Mountains mountains everywhere
Australians have a very loose definition for mountains. This is mainly because as the oldest planet on earth Australia’s mountains have all worn down to the point that most countries would just call them large hills. But where Australia’s mountains may lack height they more than make up for in deep gorges, long waterfalls, sweeping views and even glacial lakes. And in two recent successive weekends we explored and conquered the two main ranges in Australia.
The Australia Day long weekend is usually a time for families and friends, backyard barbeques, swims in the pool, an extra beer or two. But Julie and I took the opportunity to drive up to the Blue Mountains just west of Sydney and spend three full days exploring new nooks and crannies of this dramatic range that is so easily accessible but frequently forgotten by busy Sydney-siders.
The most significant feature of the Blue Mountains are the high cliff-like escarpments and deep gorges that have formed over millions of years and create such spectacular viewpoints and inaccessible valleys. We wanted to explore a few of the lesser known trails, including those that make the long descent – and inevitable ascent – down into the bottom of the gorges. And along the way we saw some excellent Aboriginal rock art, crossed under and over beautiful high waterfalls, clung to narrow ledges on steep cliffs and climbed some dramatic staircases carved into the soft limestone.
We were exhausted after our three days of exploring these mountains but we also felt that familiar strong magnet pulling us back to the bush. Before we had returned home we had already begun planning our return trip with more long and challenging walks, more beautiful sweeping views and more great experiences.
But coincidence is a wonderful thing. As it happened, the following weekend Carl and Anna were planning a trip down to the Snowy Mountains, the largest and highest of Australia’s ranges which straddle the New South Wales – Victoria border.

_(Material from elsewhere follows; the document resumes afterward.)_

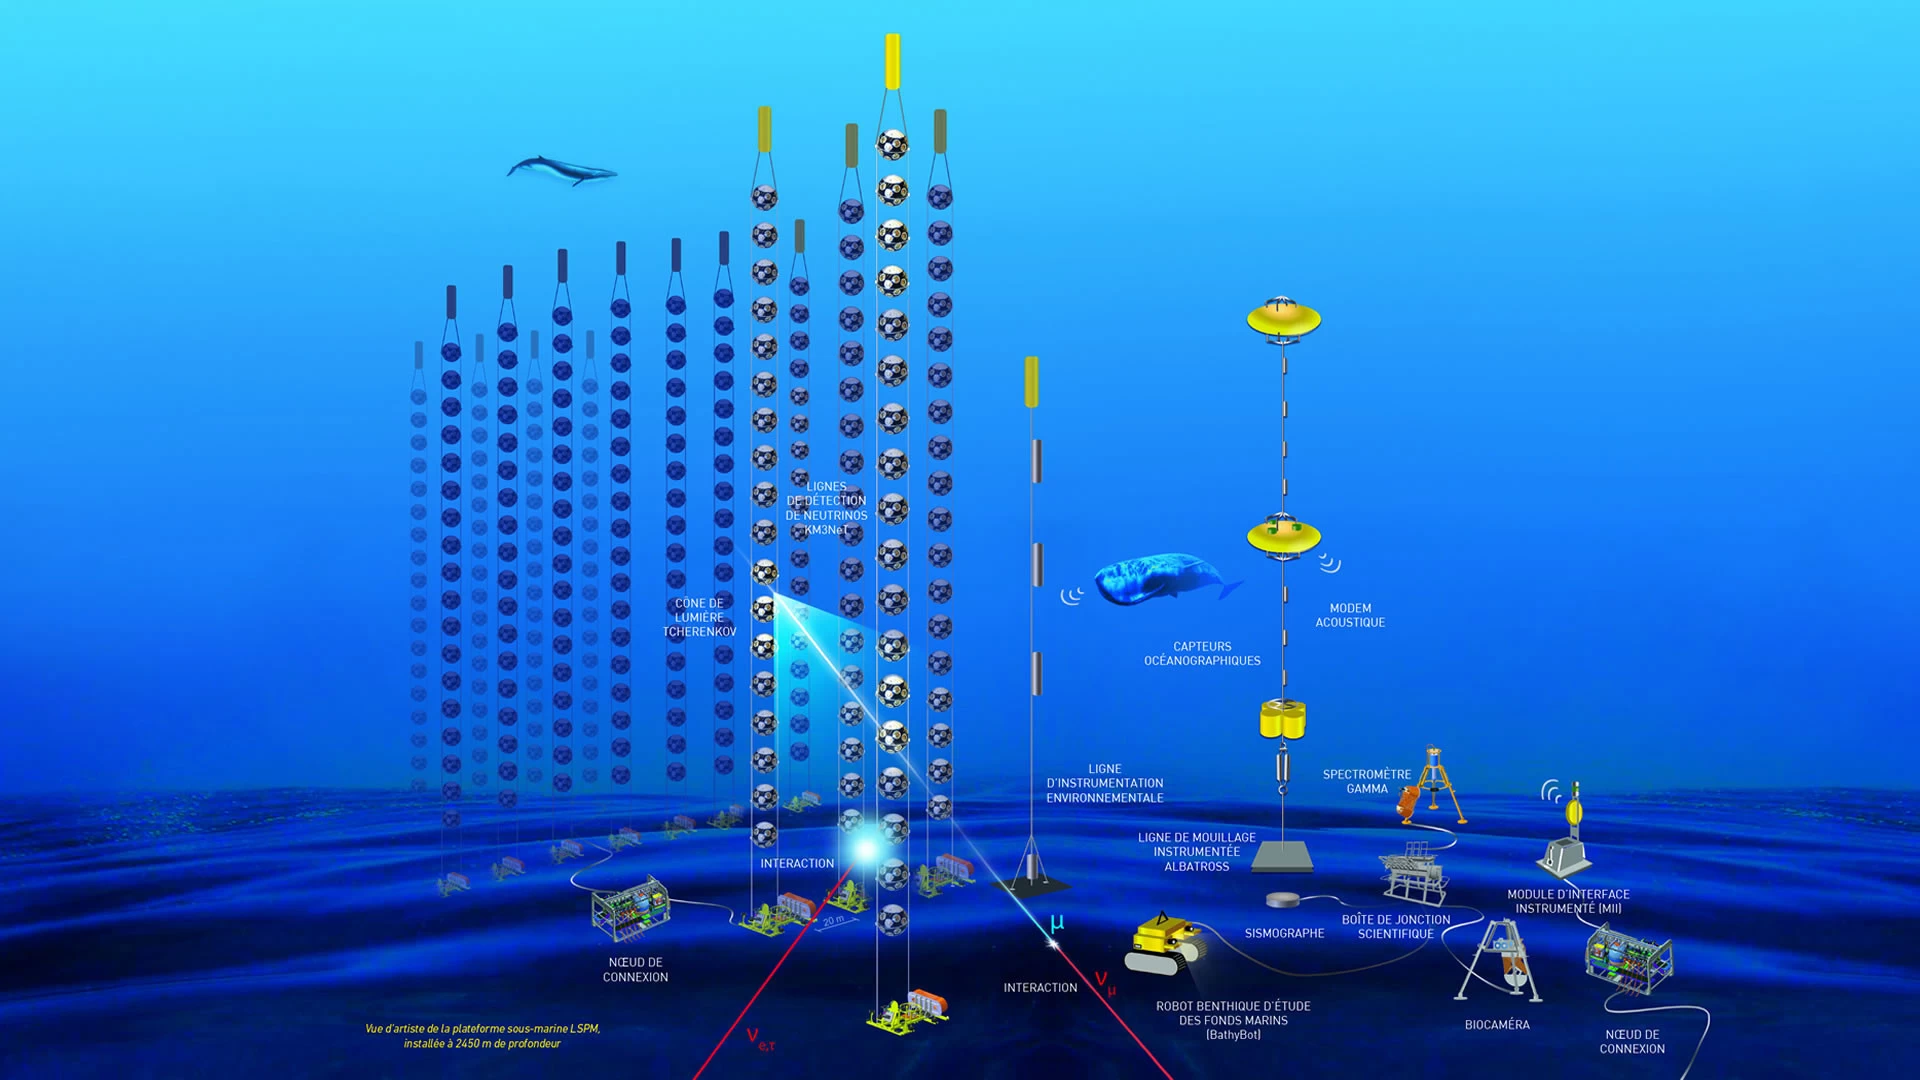 فرانسه آزمایشگاهی پیشرفته در عمق 1.5 مایلی زیر آب می سازد
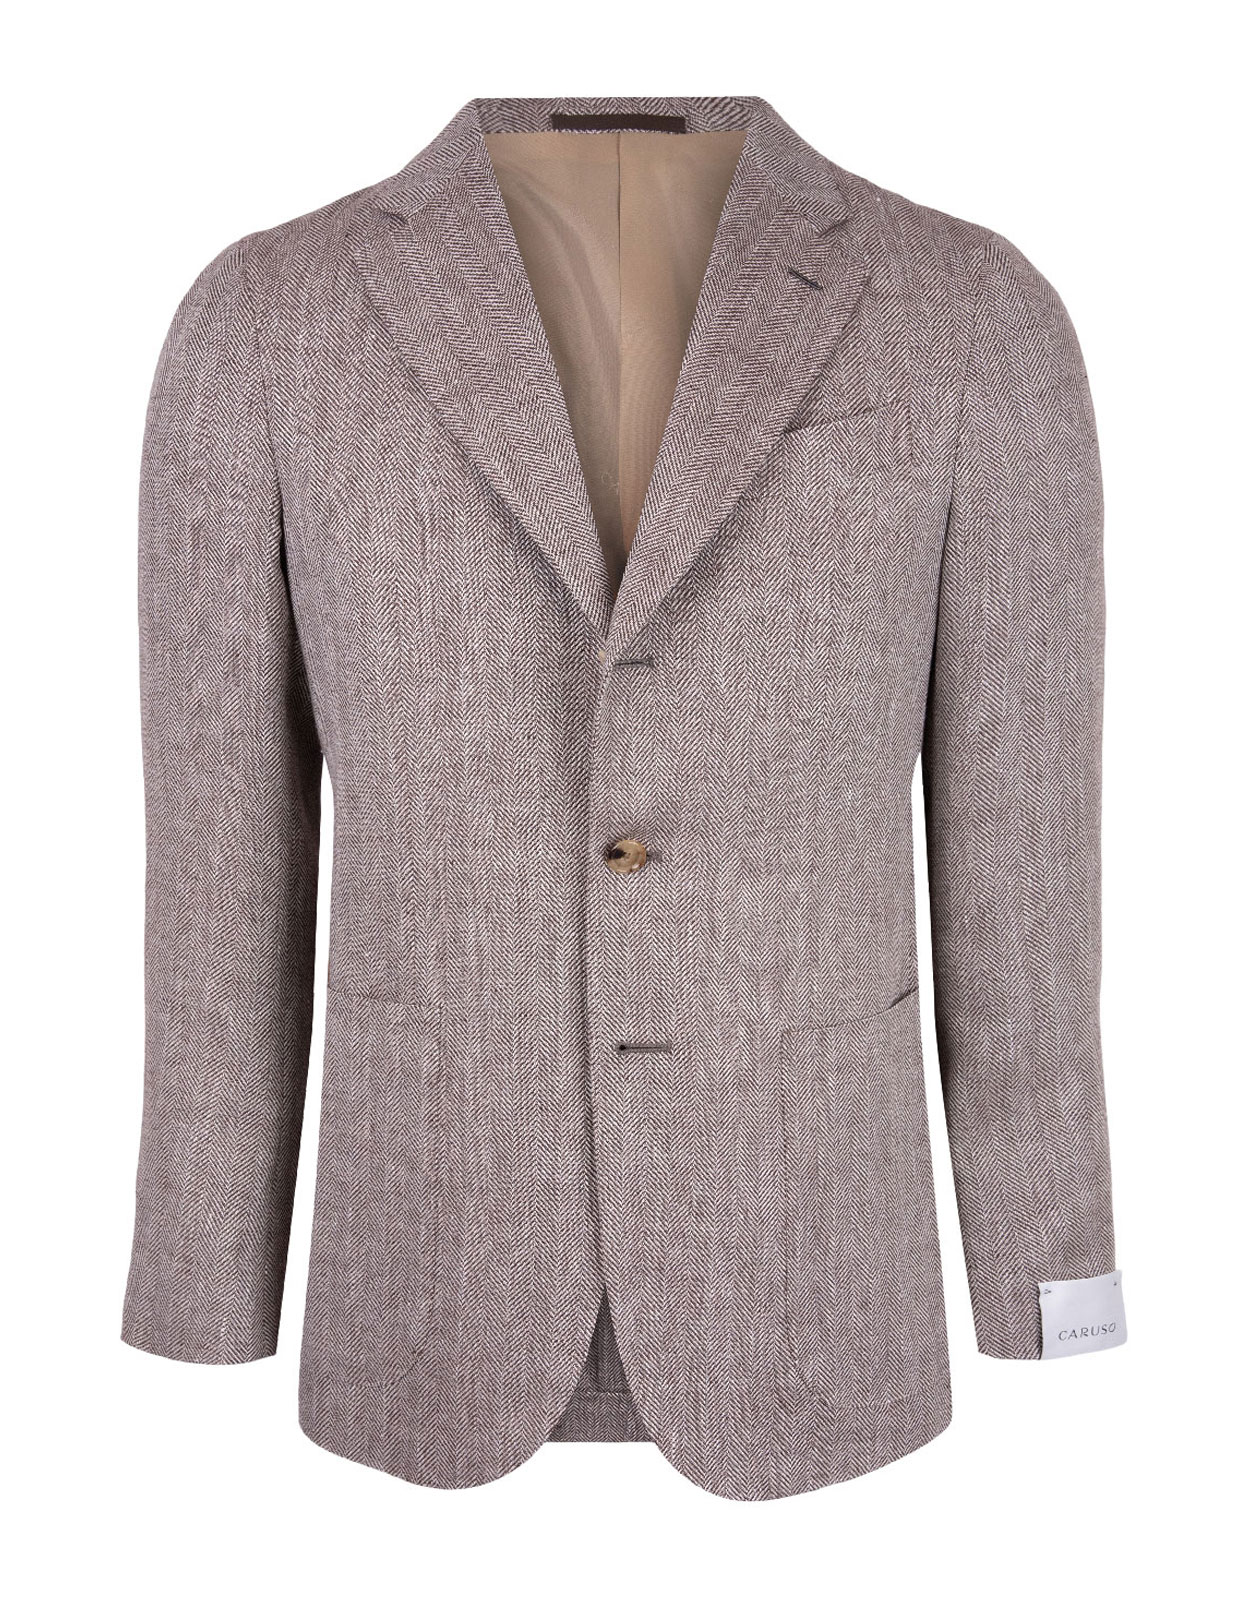 Tosca Jacket Linen Wool Herringbone Beige/Brown

The Snowys are where all Australia’s ski resort are, where the country’s highest peaks are and where backpackers love to strut their stuff.
Anna, Carl and I had proven our team credentials when we trekked to Everest Base Camp in 2012. That journey begins on our blog at https://www.ourpangaea.net/?p=1741. So it seemed natural for the three of us to team up again for a strenuous two day high altitude backpacking trip which saw us bag the two highest mountains of Australia, see all five of Australia’s glacial lakes, twice cross one of Australia’s most iconic rivers and absorb some of the most beautiful above-the-tree-line scenery imaginable.
The beautiful snow gums and road ends at Charlotte Pass at 1,835 metres (6,020 feet). From there we followed a long broad circular track along the ridge line that defines Australia’s highest mountains, a trail of about 37 kilometres. Eons ago huge glaciers crossed this land, permanently shaping and scarring the terrain we see today. The most obvious remnant of these bygone days are the beautiful glacial lakes that still sparkle blue in the mountain sunshine. But our main target for the weekend was to climb Mt. Kosciuszko, Australia’s highest at 2,228 metres (7,310 feet) and for good measure knock off Mt. Townsend, Australia’s second highest mountain at 2,209 metres (7,247 feet).
As it turned out, the track up to the top of Mt. Townsend was quite a challenging scramble and we rewarded ourselves by camping in a grassy saddle near its summit. From this lofty site, which must be the highest possible camping sight in Australia, we had magnificent views of the valleys below us and soaked up the beautiful late afternoon sun while we sipped red wine and nibbled on snacks. Yes, you can still have elements of luxury in the most remote of camping spots.
These two fabulous weekends prove you don’t have to be in the Himalayas, the Alps or the Andes to enjoy stunning mountain scenery, stretch your legs (and your lungs) and get away from the chaos of a big city. Some of the greatest travel pleasures are right in our back yard and there’s plenty more to come in the future.